How Cloud Transformation Impacts CPAs and Their Clients

Originally published on the NJCPA blog.

Cloud computing is disrupting CPA firms, their clients and the traditional norms of the external audit and quality control. Therefore, CPAs need to be on their guard.  

By definition, cloud computing is defined as a means for enabling on-demand access to shared pools of configurable computing resources (e.g., networks, servers, storage applications, services) that can be rapidly provisioned and released. Popular cloud deployment models include private clouds, public clouds, hybrid clouds and community clouds, while cloud service provider (CSP) services include Infrastructure as a Service (IaaS), Software as a Service (SaaS) and Platform as a Service (PaaS).

Challenges Exist

By going to the cloud, essentially you are extending beyond the company's hosting of the software on premise (four walls) and controlling access to the company's network and data the old fashioned way. However, current security models are not designed to accommodate the growing virtual nature of the extended enterprise, which creates a conflict either by limiting a company’s ability to conduct business or by putting the business at risk.

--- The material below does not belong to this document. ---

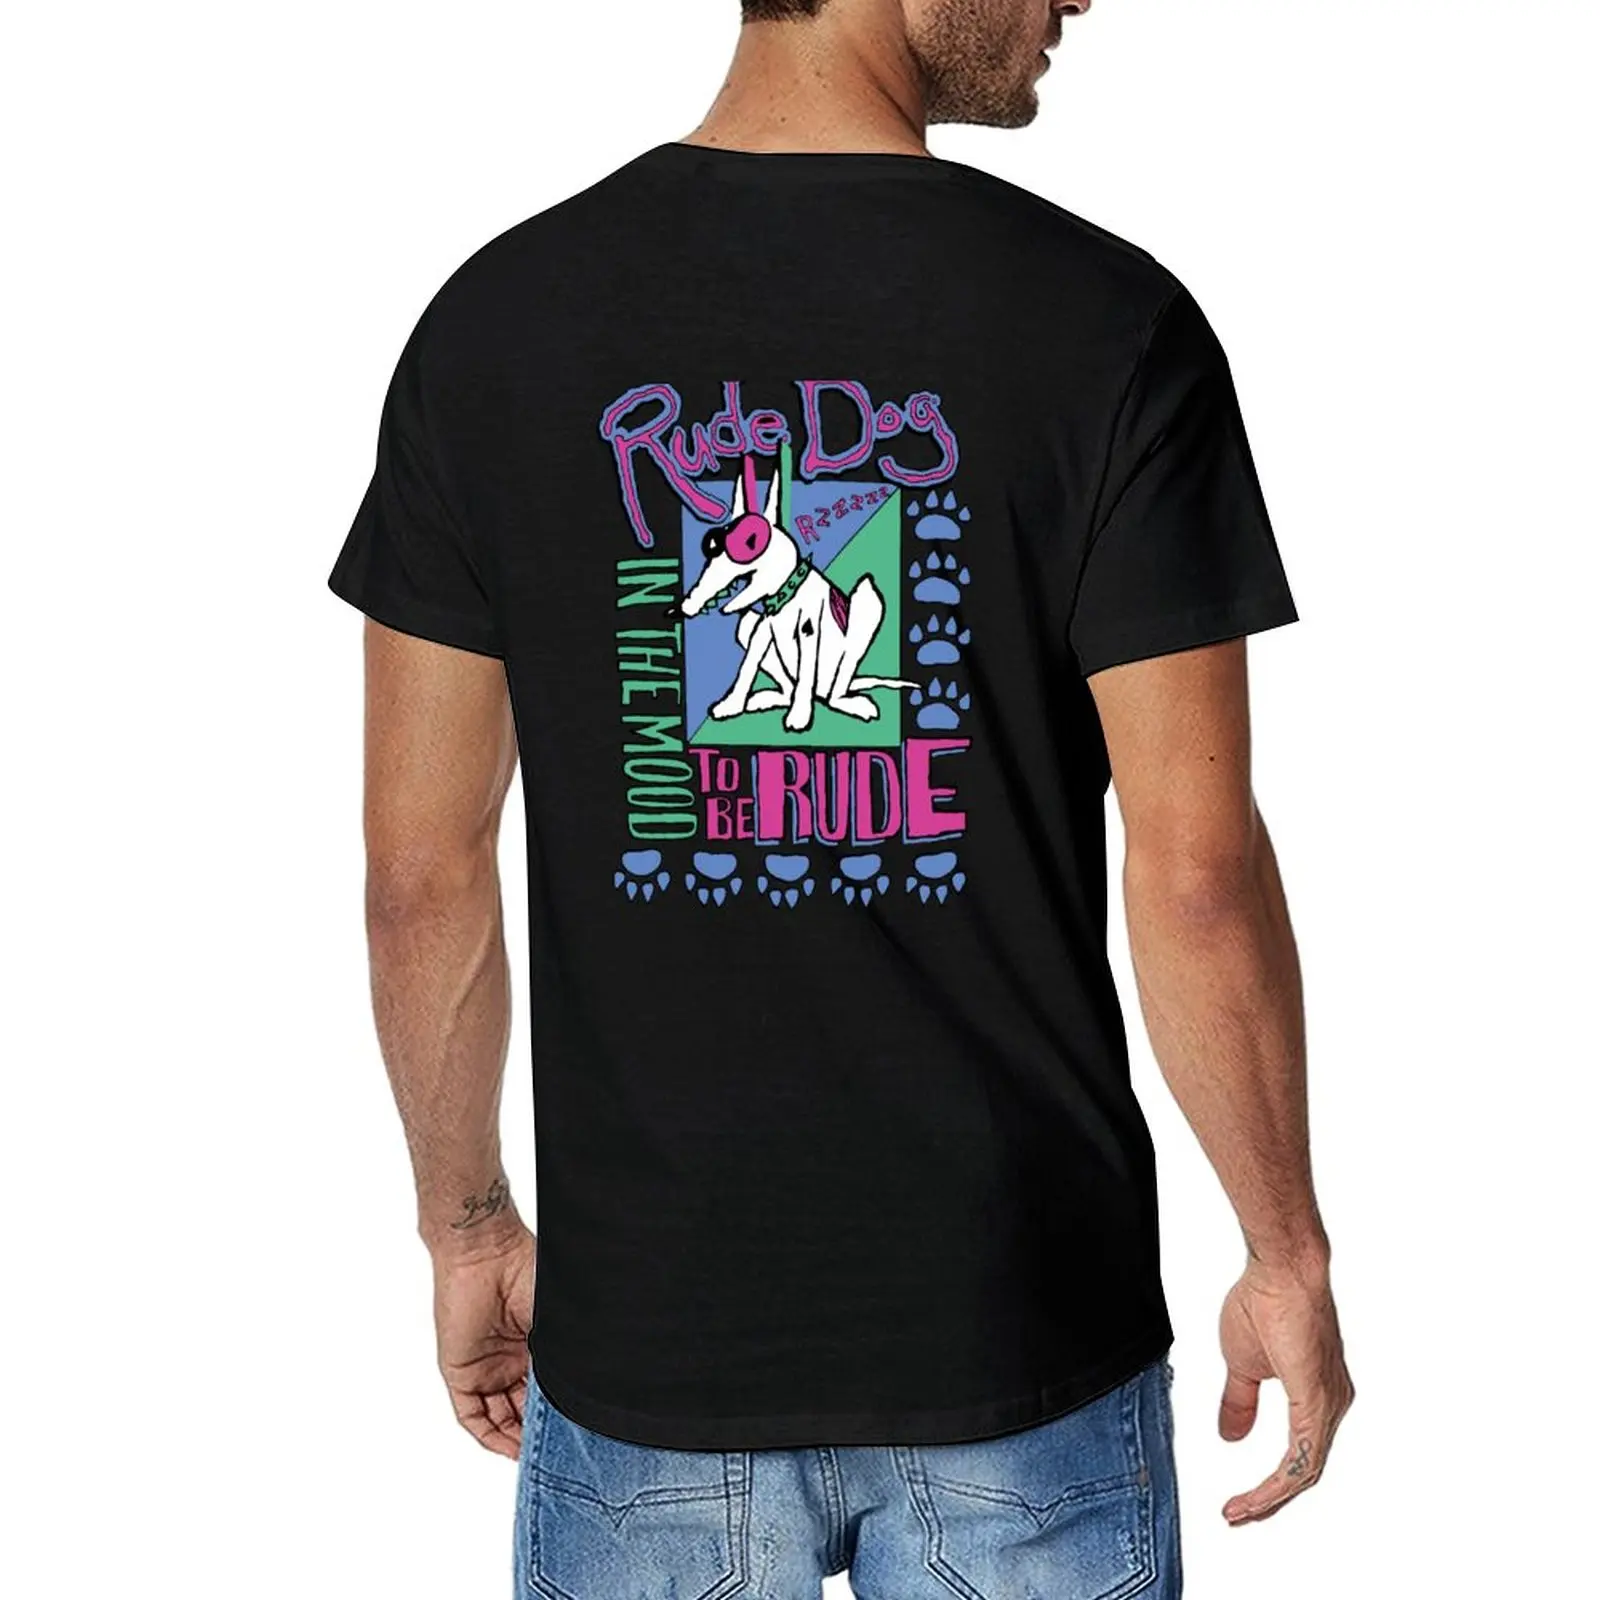 Новая футболка IN THE MOOD TO BE RUDE, футболки на заказ, создайте свои собственные милые топы, мужские забавные футболки с графическим рисунком

Continued investment in traditional approaches to security will be prohibitively ineffective and costly. New approaches to securing the enterprise that are aligned with today’s corporate environment are critical to maintain both an acceptable level of risk and a manageable cost.

CPAs will need to make selective changes to accept cloud-computing-related engagements, such as training staff, securing subject experts, and protecting the privacy of client data accessed through clients and their CSP clouds and stored on the CPA firm’s clouds.

Audit clients who move some or all of their accounting systems to public clouds introduce complexity, disruption and risk. For example, a cloud computing environment often integrates third-party CSPs, and potentially fourth-party sub-contracted CSPs, into the client’s accounting system and control environment. This creates a complex web of CSPs that results in shared responsibilities between the client and CSPs for financial accounting data, cybersecurity and internal control over financial reporting (ICFR), service organizations control (SOC) reporting and assurance services. 

Such material changes to the control environment and accounting system require auditors to obtain an understanding of the company’s environment and risks as a basis for assessing the risk of material misstatement (RMM) of the financial statements. CSPs provide SOC internal control reports (SOC 1, SOC 2, SOC 3 and SOC for Cybersecurity) on the third-party services provided by them.

Cloud computing also impacts CPA assurance providers in several ways, such as obtaining an understanding of the audit client’s cloud environment; identifying and assessing the RMM; defining the role to be served by SOC reports; and assessing the impact of the client’s and the firm’s cloud computing activities on the firm’s compliance with generally accepted auditing standards (GAAS) Quality Control Standards.

In its 2020/21 request for comment, the AICPA Auditing Standards Board (ASB) recognized that “Rapid developments in technologies are having a profound effect on audit and assurance engagements, including the use of automated tools and techniques and changes in how engagement teams are structured and interact.” They also noted that to “keep our standards relevant in a changing environment,” the ASB commits to monitoring the use of innovative technologies and determining whether the standards in place for the acceptance of clients and service performance are appropriate.